Моисей Бородатых подернул плечами и эдак подхмыкнул.
— Я познакомился с Махно незадолго до его смерти. Он очень бедствовал в Париже с молодой женой и маленьким сыном. Батька утверждал, что хитрые большевики очернили его, представляя антисемитом намеренно, дабы переманить на свою сторону еврейские массы, активно принимавшие участие в революции. Что там действительно происходило на территории, где оперировала его армия, превышающей территории многих европейских стран вместе взятых, даже тогда, через десять лет после революции, восстановить было невозможно. Хаос и взаимные кровопускания. Я лично не сомневаюсь в том, что большевикам было выгодно представить его антисемитом. Возможно также, что отдельные банды, они же отряды, в его армии не отказывали себе в удовольствии погромить еврейское местечко… Украинцы, знаете, известные антисемиты…
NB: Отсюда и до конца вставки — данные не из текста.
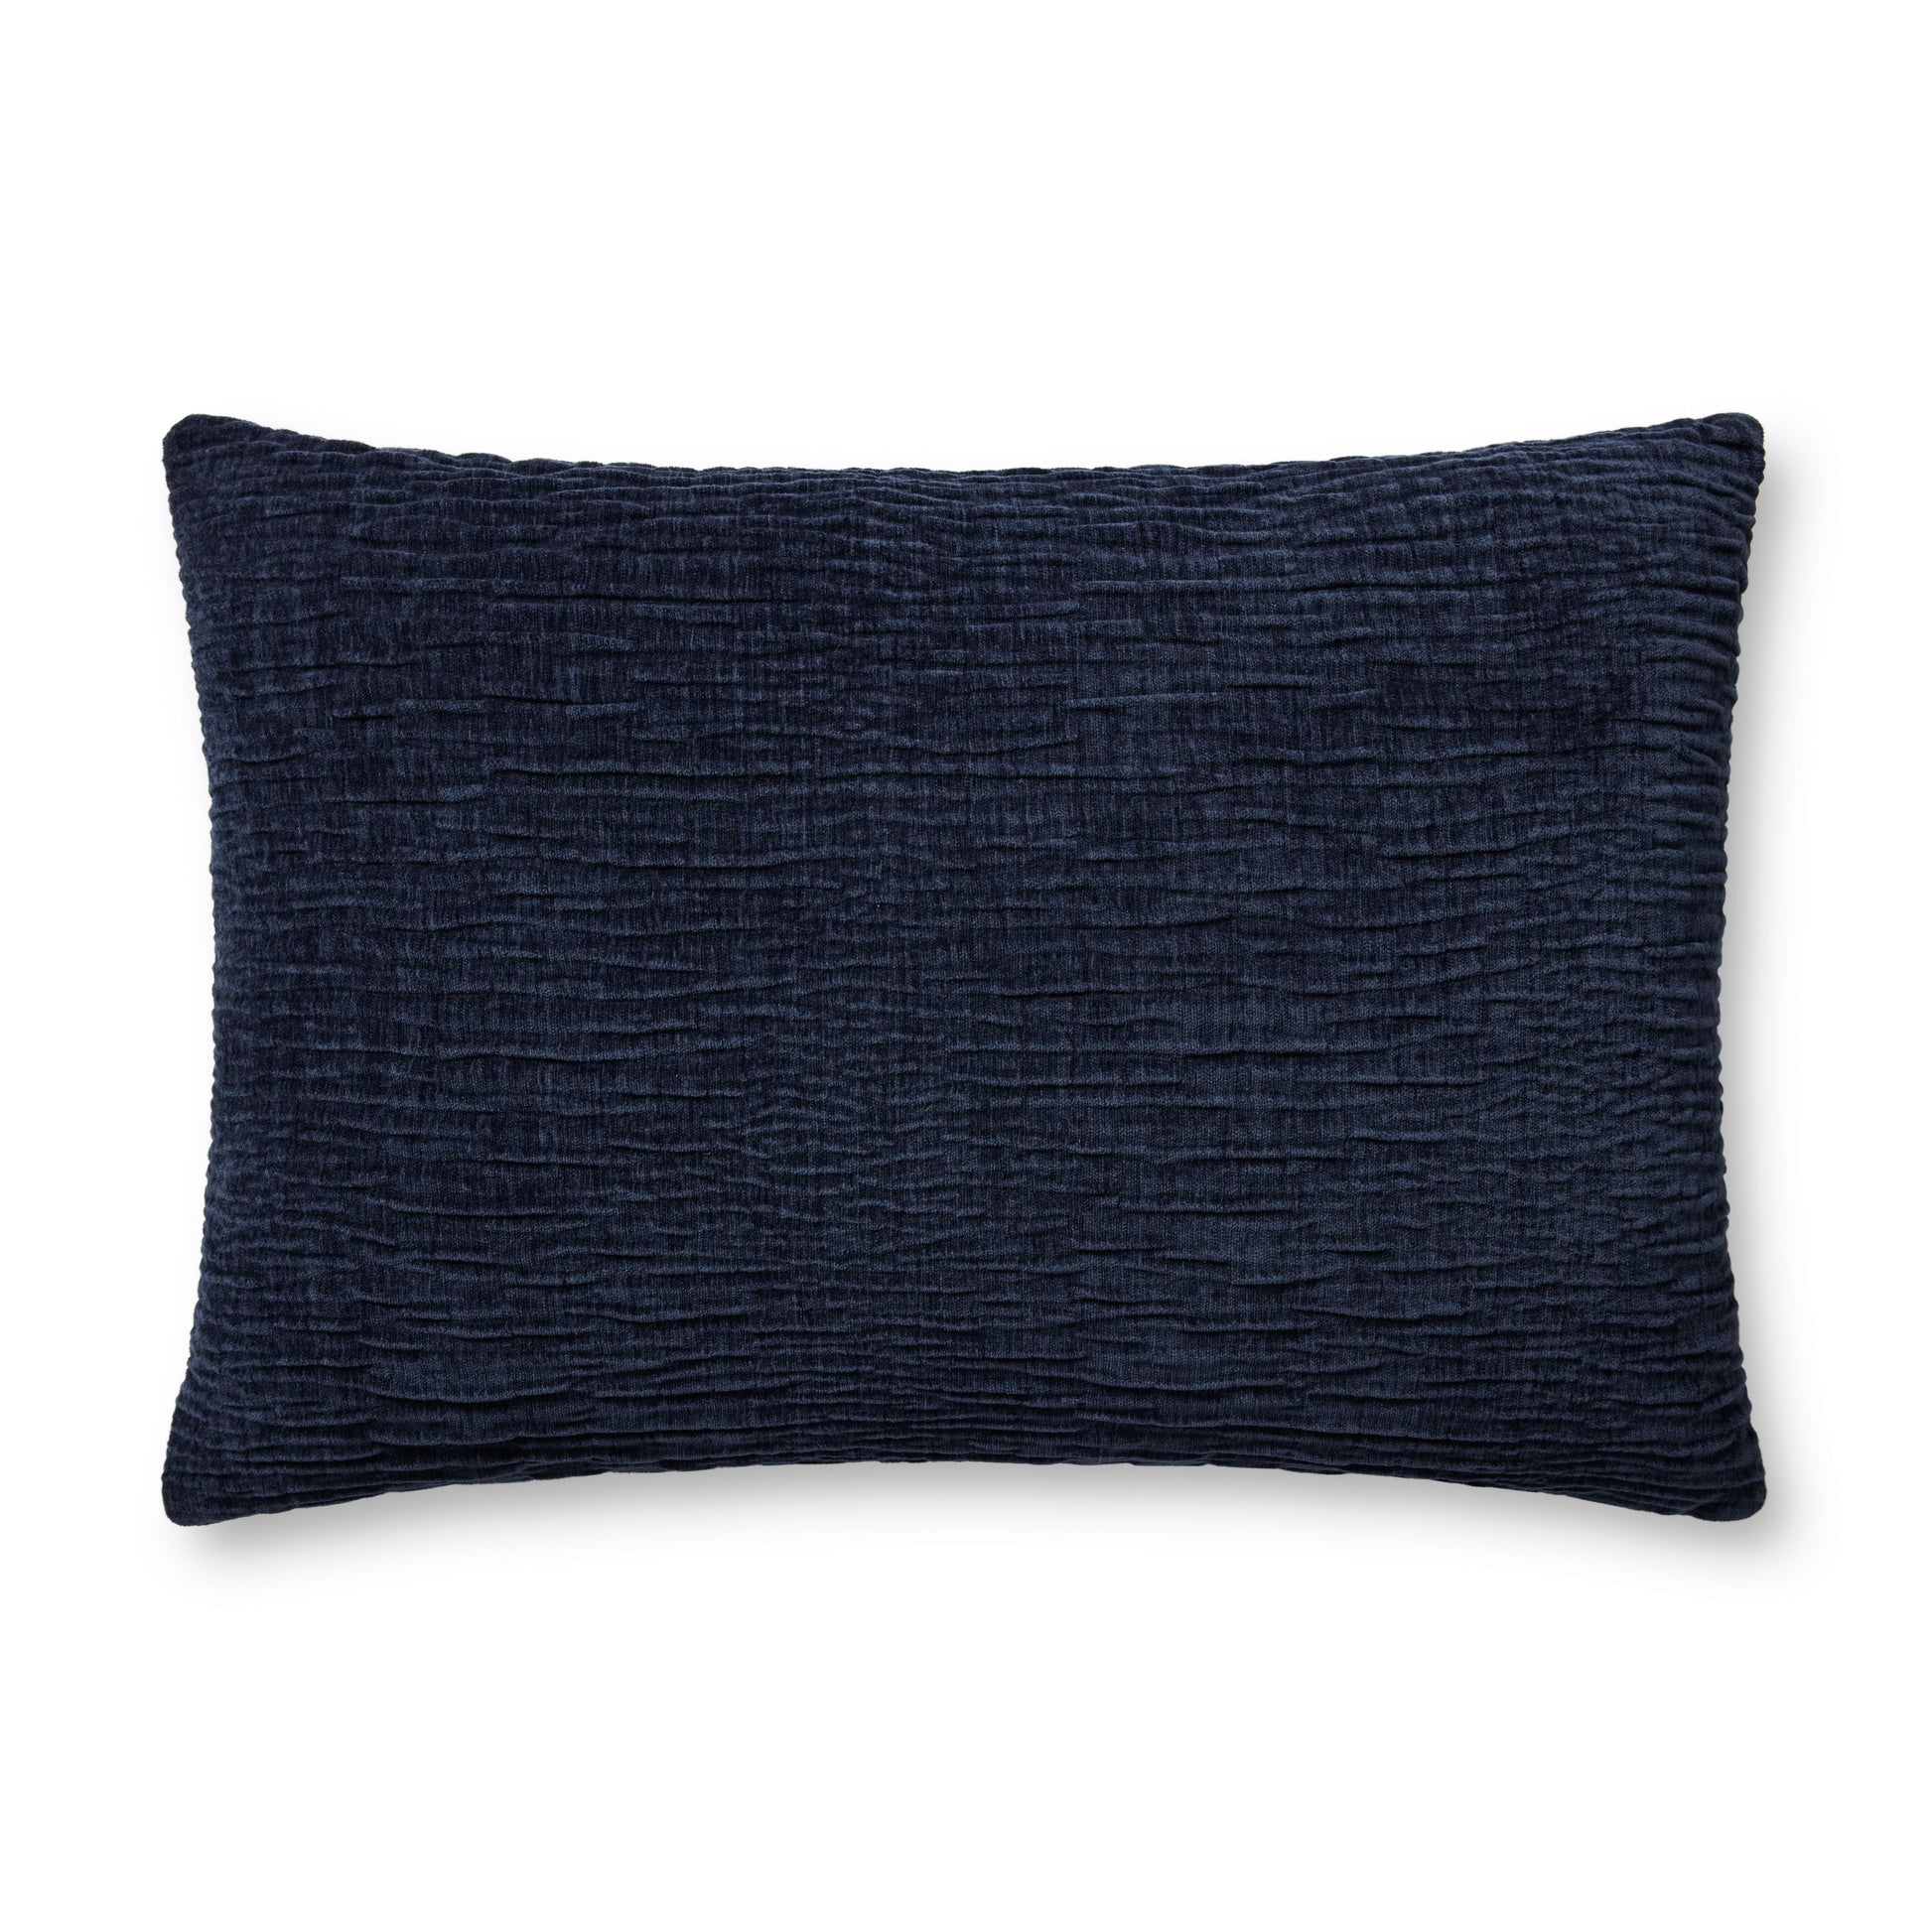 Photo of a pillow;  Navy 16'' x 26'' Cover w/Poly Pillow
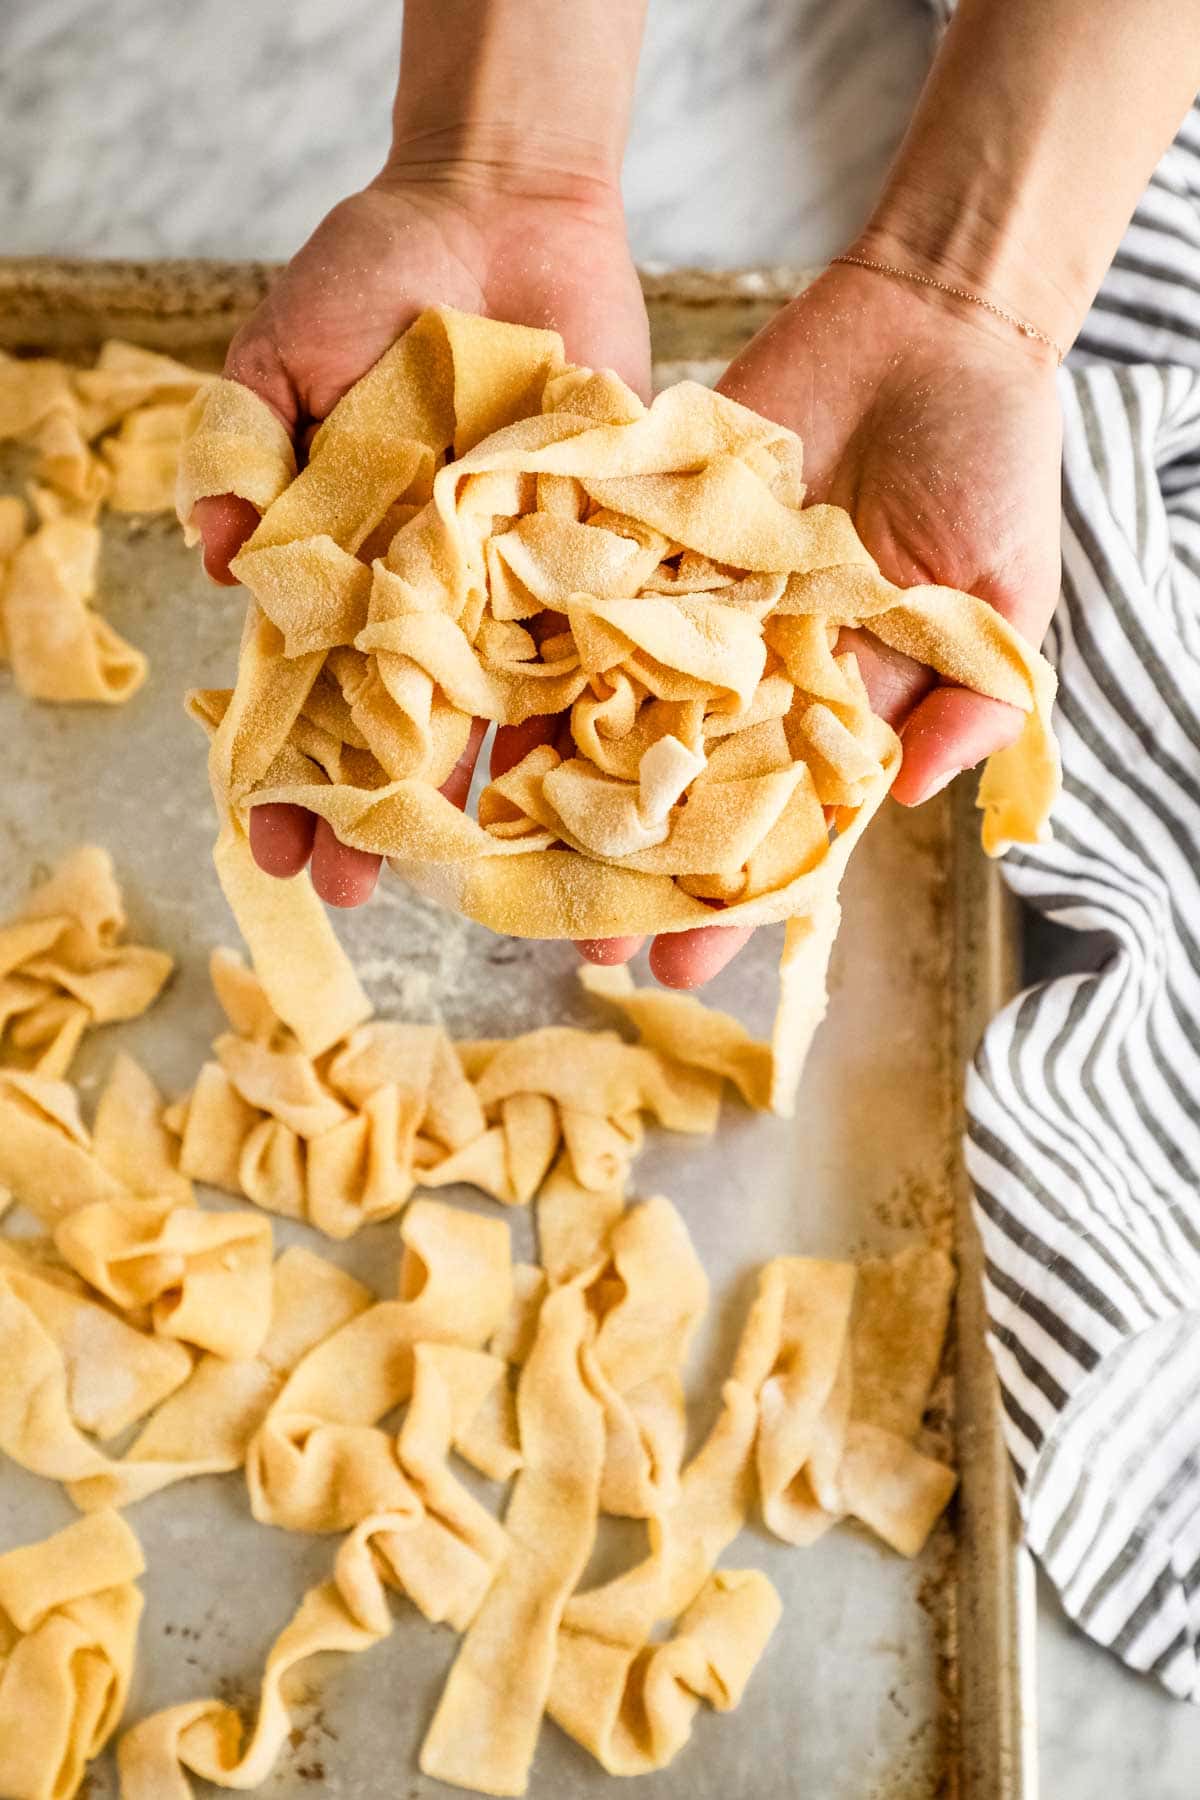 Hands holding homemade pappardelle.

— А вы ведь украинец, Лимонов? Ваша настоящая фамилия ведь украинская, Савченко?
— Савенко, Моисей Яковлевич!
— А в вас совсем нет еврейской крови, да?
— Нет, Моисей Яковлевич.
— Хм… А как же вы выехали?..
— Я же вам рассказывал, Моисей Яковлевич…
— Да-да, рассказывали, припоминаю… Жаль-жаль, такой симпатичный юноша, и в нем нет еврейской крови… Слушайте… — он понизил голос, — может быть, вы по советской привычке, знаете, боитесь признаться?..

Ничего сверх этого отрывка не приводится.